RECORDS TO USE:
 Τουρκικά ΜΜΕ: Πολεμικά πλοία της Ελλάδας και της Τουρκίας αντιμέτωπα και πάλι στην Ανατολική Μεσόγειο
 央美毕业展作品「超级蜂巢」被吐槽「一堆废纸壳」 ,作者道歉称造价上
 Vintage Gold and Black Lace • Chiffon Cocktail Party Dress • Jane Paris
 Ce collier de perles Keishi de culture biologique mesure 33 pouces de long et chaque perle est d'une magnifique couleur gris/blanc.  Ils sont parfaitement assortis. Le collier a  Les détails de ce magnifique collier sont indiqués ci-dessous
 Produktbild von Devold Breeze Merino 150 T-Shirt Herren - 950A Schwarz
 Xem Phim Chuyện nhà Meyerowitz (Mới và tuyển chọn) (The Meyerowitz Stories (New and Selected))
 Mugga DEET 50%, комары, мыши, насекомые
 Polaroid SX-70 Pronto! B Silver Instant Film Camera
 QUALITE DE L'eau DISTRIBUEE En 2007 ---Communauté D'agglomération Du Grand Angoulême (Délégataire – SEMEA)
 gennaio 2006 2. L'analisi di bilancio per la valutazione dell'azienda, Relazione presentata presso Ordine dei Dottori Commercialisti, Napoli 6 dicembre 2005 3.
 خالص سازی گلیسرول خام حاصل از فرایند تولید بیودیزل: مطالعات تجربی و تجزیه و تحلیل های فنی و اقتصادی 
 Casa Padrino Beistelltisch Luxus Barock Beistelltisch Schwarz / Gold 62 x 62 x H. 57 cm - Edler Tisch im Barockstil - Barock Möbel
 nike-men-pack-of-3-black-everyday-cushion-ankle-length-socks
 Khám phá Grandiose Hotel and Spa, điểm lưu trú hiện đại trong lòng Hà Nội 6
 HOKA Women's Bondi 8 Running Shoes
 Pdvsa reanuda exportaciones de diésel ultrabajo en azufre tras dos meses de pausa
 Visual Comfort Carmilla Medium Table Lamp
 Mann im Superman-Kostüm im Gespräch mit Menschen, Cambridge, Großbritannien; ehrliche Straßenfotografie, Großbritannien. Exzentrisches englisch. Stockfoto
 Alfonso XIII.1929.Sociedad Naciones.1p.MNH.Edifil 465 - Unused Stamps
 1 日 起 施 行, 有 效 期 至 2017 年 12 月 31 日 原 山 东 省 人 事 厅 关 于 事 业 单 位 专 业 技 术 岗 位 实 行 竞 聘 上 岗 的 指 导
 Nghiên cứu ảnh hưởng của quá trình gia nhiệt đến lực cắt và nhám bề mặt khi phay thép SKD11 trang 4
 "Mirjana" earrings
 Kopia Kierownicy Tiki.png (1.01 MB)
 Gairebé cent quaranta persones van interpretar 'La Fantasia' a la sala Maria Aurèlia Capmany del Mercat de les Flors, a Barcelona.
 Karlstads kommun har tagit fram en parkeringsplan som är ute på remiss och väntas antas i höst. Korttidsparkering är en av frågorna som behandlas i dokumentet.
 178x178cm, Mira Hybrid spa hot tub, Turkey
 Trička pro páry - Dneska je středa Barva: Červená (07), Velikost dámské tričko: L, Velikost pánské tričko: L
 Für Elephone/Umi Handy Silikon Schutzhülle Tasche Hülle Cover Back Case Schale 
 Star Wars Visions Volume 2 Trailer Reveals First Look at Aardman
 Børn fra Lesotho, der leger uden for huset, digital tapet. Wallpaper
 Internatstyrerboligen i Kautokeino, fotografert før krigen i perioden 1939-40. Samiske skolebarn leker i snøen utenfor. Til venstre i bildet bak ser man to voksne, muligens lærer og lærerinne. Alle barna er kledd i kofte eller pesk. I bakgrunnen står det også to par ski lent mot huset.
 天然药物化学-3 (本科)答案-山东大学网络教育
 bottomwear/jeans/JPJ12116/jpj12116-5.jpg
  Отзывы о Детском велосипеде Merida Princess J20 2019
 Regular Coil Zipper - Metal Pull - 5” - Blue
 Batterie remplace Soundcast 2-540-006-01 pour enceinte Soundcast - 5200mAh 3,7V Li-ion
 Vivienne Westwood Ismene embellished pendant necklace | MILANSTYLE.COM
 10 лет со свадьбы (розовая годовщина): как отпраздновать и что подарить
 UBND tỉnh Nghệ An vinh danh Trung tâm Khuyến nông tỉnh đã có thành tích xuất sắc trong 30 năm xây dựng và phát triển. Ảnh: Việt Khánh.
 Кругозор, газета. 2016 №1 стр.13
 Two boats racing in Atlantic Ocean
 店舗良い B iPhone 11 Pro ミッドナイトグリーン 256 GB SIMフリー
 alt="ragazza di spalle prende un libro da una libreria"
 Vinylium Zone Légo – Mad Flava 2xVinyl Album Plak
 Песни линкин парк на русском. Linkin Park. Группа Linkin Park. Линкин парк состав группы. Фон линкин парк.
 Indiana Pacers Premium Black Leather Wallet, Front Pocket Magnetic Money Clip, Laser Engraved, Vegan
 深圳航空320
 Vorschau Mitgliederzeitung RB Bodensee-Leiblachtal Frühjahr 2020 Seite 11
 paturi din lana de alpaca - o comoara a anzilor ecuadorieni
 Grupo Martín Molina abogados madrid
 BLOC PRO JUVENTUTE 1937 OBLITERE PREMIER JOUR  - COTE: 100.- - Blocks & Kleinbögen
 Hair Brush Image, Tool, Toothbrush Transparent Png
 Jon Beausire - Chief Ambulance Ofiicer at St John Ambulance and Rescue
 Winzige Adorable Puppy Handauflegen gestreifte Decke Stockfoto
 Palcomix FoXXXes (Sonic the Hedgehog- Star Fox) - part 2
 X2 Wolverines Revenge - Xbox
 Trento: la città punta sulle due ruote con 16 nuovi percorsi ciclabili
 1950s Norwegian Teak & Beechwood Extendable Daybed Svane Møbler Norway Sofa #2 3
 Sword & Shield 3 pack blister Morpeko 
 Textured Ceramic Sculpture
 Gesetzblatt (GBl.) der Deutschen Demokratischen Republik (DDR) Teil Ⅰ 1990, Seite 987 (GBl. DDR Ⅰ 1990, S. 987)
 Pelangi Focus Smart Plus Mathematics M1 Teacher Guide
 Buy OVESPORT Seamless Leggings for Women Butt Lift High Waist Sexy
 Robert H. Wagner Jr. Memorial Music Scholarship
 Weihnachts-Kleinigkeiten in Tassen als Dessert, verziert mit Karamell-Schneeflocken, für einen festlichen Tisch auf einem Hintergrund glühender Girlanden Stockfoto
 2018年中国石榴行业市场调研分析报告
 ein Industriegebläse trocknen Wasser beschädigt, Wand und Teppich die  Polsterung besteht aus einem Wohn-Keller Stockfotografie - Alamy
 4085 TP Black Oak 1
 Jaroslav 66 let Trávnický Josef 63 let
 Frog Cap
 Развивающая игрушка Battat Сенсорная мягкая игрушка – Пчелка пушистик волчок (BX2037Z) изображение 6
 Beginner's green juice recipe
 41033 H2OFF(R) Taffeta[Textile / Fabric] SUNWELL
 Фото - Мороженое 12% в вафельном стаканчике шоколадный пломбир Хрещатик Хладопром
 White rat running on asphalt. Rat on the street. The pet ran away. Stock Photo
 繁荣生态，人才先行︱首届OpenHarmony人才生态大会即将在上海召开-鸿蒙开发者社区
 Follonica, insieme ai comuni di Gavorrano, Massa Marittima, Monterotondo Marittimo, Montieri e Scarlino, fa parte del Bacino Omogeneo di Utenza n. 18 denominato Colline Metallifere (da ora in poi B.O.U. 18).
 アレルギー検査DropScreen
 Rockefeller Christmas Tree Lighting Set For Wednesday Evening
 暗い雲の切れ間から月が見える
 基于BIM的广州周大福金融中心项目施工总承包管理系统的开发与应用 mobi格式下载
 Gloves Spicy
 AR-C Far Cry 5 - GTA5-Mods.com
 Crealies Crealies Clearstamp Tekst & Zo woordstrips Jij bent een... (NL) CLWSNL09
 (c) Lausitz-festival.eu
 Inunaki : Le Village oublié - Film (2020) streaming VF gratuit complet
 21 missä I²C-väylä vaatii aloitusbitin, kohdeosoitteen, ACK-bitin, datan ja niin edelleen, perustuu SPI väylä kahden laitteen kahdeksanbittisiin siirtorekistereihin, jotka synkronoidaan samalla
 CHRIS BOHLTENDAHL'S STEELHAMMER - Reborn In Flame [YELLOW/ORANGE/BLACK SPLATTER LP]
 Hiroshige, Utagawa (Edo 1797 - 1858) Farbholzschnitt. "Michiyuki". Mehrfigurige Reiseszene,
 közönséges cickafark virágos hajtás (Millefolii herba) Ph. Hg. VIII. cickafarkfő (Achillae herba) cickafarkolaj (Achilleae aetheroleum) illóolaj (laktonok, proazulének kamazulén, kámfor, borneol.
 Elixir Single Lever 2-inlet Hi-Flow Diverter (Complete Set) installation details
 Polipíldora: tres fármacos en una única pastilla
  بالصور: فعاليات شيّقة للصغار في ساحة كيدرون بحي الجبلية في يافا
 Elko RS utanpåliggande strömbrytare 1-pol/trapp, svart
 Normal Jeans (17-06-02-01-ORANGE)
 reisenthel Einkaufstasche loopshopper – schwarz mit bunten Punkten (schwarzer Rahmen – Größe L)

TRY IT:
In the listing above, the line with "Фото - Мороженое" starts the part to copy. Copy it through the last line exactly, with nothing else.

TASK OUTPUT:
 Фото - Мороженое 12% в вафельном стаканчике шоколадный пломбир Хрещатик Хладопром
 White rat running on asphalt. Rat on the street. The pet ran away. Stock Photo
 繁荣生态，人才先行︱首届OpenHarmony人才生态大会即将在上海召开-鸿蒙开发者社区
 Follonica, insieme ai comuni di Gavorrano, Massa Marittima, Monterotondo Marittimo, Montieri e Scarlino, fa parte del Bacino Omogeneo di Utenza n. 18 denominato Colline Metallifere (da ora in poi B.O.U. 18).
 アレルギー検査DropScreen
 Rockefeller Christmas Tree Lighting Set For Wednesday Evening
 暗い雲の切れ間から月が見える
 基于BIM的广州周大福金融中心项目施工总承包管理系统的开发与应用 mobi格式下载
 Gloves Spicy
 AR-C Far Cry 5 - GTA5-Mods.com
 Crealies Crealies Clearstamp Tekst & Zo woordstrips Jij bent een... (NL) CLWSNL09
 (c) Lausitz-festival.eu
 Inunaki : Le Village oublié - Film (2020) streaming VF gratuit complet
 21 missä I²C-väylä vaatii aloitusbitin, kohdeosoitteen, ACK-bitin, datan ja niin edelleen, perustuu SPI väylä kahden laitteen kahdeksanbittisiin siirtorekistereihin, jotka synkronoidaan samalla
 CHRIS BOHLTENDAHL'S STEELHAMMER - Reborn In Flame [YELLOW/ORANGE/BLACK SPLATTER LP]
 Hiroshige, Utagawa (Edo 1797 - 1858) Farbholzschnitt. "Michiyuki". Mehrfigurige Reiseszene,
 közönséges cickafark virágos hajtás (Millefolii herba) Ph. Hg. VIII. cickafarkfő (Achillae herba) cickafarkolaj (Achilleae aetheroleum) illóolaj (laktonok, proazulének kamazulén, kámfor, borneol.
 Elixir Single Lever 2-inlet Hi-Flow Diverter (Complete Set) installation details
 Polipíldora: tres fármacos en una única pastilla
  بالصور: فعاليات شيّقة للصغار في ساحة كيدرون بحي الجبلية في يافا
 Elko RS utanpåliggande strömbrytare 1-pol/trapp, svart
 Normal Jeans (17-06-02-01-ORANGE)
 reisenthel Einkaufstasche loopshopper – schwarz mit bunten Punkten (schwarzer Rahmen – Größe L)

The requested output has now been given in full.